On Wed, Dec 21, 2022 at 9:10 AM Jason Iannone <jason.iannone@gmail.com> wrote:

...

Here's a question I haven't bothered to ask until now. Can someone please help me understand why I receive a ping reply after almost 5 seconds?

64 bytes from 4.2.2.2: icmp_seq=398 ttl=54 time=4915.096 ms 64 bytes from 4.2.2.2: icmp_seq=399 ttl=54 time=4310.575 ms 64 bytes from 4.2.2.2: icmp_seq=400 ttl=54 time=4196.075 ms 64 bytes from 4.2.2.2: icmp_seq=401 ttl=54 time=4287.048 ms 64 bytes from 4.2.2.2: icmp_seq=403 ttl=54 time=2280.466 ms 64 bytes from 4.2.2.2: icmp_seq=404 ttl=54 time=1279.348 ms 64 bytes from 4.2.2.2: icmp_seq=405 ttl=54 time=276.669 ms

Hi Jason, This usually means a problem on the Linux machine originating the packet. It has lost the ARP for the next hop or something similar so the outbound ICMP packet is queued. The glitch repairs itself, briefly, releasing the queued packets. Then it comes right back. Regards, Bill Herrin -- For hire. https://bill.herrin.us/resume/

Dave Taht

9:19 p.m.

There's this thing called bufferbloat... On Wed, Dec 21, 2022 at 11:58 AM William Herrin <bill@herrin.us> wrote:

...

On Wed, Dec 21, 2022 at 9:10 AM Jason Iannone <jason.iannone@gmail.com> wrote:

...
Here's a question I haven't bothered to ask until now. Can someone please help me understand why I receive a ping reply after almost 5 seconds?

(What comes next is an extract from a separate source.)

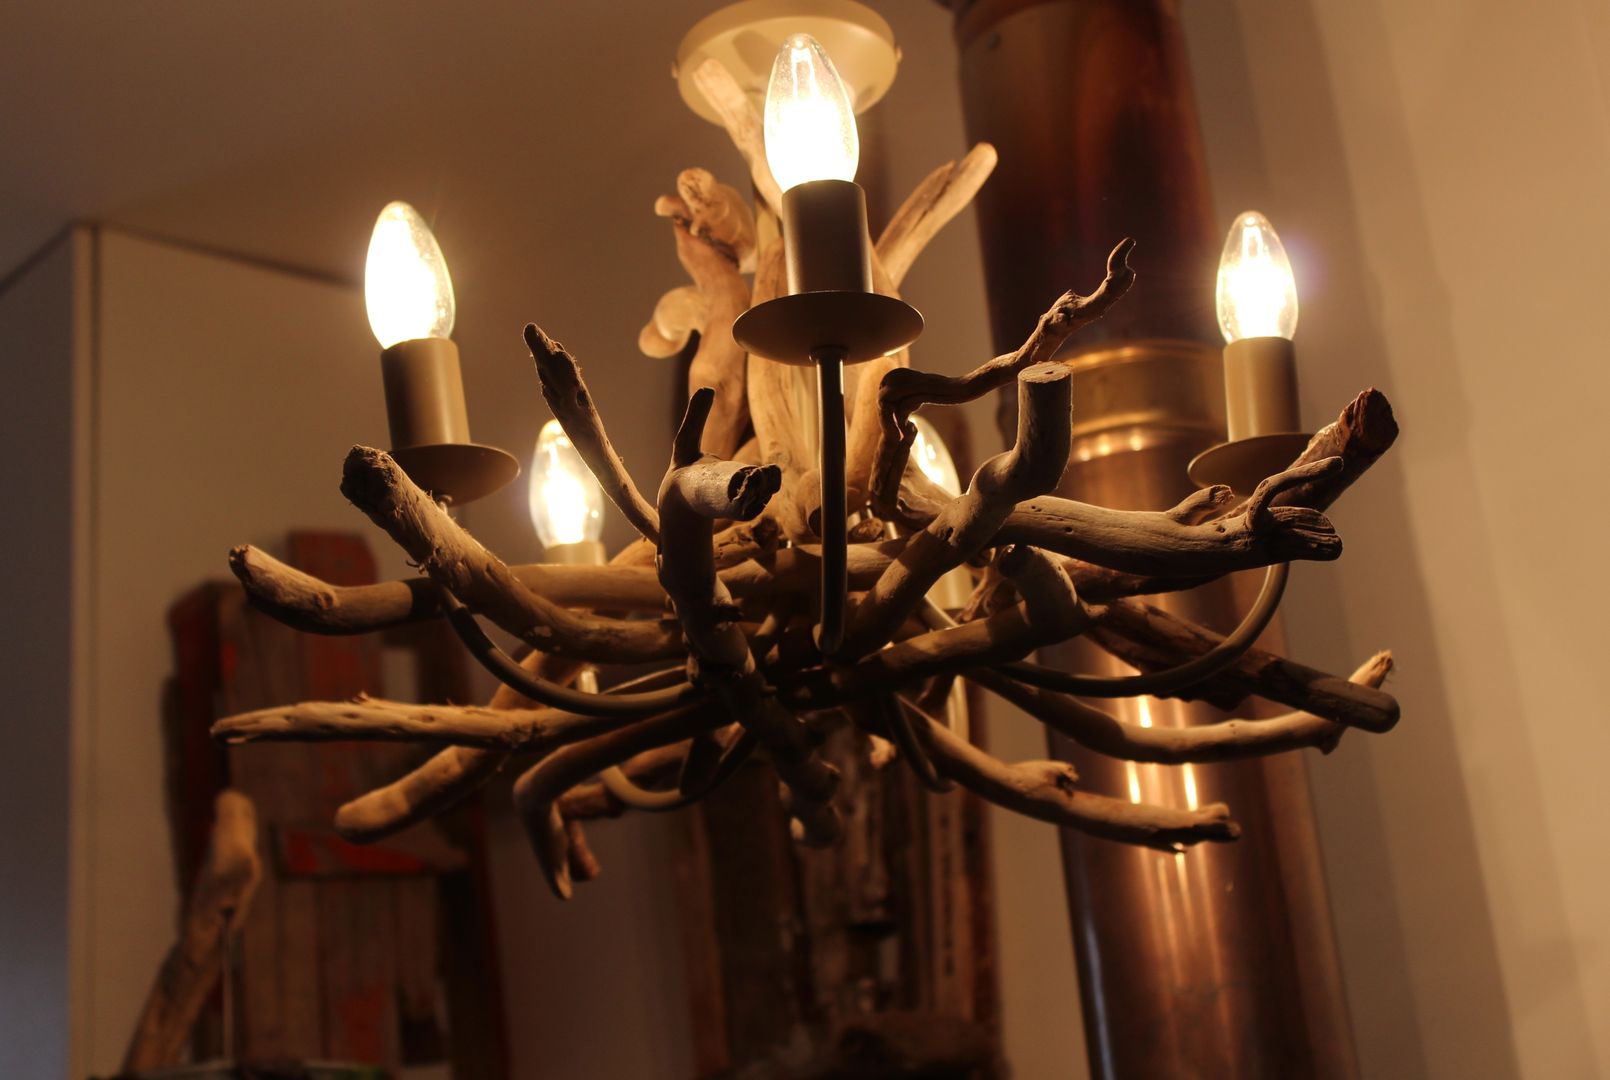 Driftwood chandeliers homify منازل ديكورات واكسسوارات

64 bytes from 4.2.2.2: icmp_seq=398 ttl=54 time=4915.096 ms 64 bytes from 4.2.2.2: icmp_seq=399 ttl=54 time=4310.575 ms 64 bytes from 4.2.2.2: icmp_seq=400 ttl=54 time=4196.075 ms 64 bytes from 4.2.2.2: icmp_seq=401 ttl=54 time=4287.048 ms 64 bytes from 4.2.2.2: icmp_seq=403 ttl=54 time=2280.466 ms 64 bytes from 4.2.2.2: icmp_seq=404 ttl=54 time=1279.348 ms 64 bytes from 4.2.2.2: icmp_seq=405 ttl=54 time=276.669 ms

Hi Jason,

This usually means a problem on the Linux machine originating the packet. It has lost the ARP for the next hop or something similar so the outbound ICMP packet is queued. The glitch repairs itself, briefly, releasing the queued packets. Then it comes right back.

Regards, Bill Herrin

-- For hire. https://bill.herrin.us/resume/

-- This song goes out to all the folk that thought Stadia would work: https://www.linkedin.com/posts/dtaht_the-mushroom-song-activity-698136666560... Dave Täht CEO, TekLibre, LLC

William Herrin

9:37 p.m.

On Wed, Dec 21, 2022 at 1:20 PM Dave Taht <dave.taht@gmail.com> wrote:

...

On Wed, Dec 21, 2022 at 11:58 AM William Herrin <bill@herrin.us> wrote:

...
On Wed, Dec 21, 2022 at 9:10 AM Jason Iannone <jason.iannone@gmail.com> wrote:

...
Here's a question I haven't bothered to ask until now. Can someone please help me understand why I receive a ping reply after almost 5 seconds?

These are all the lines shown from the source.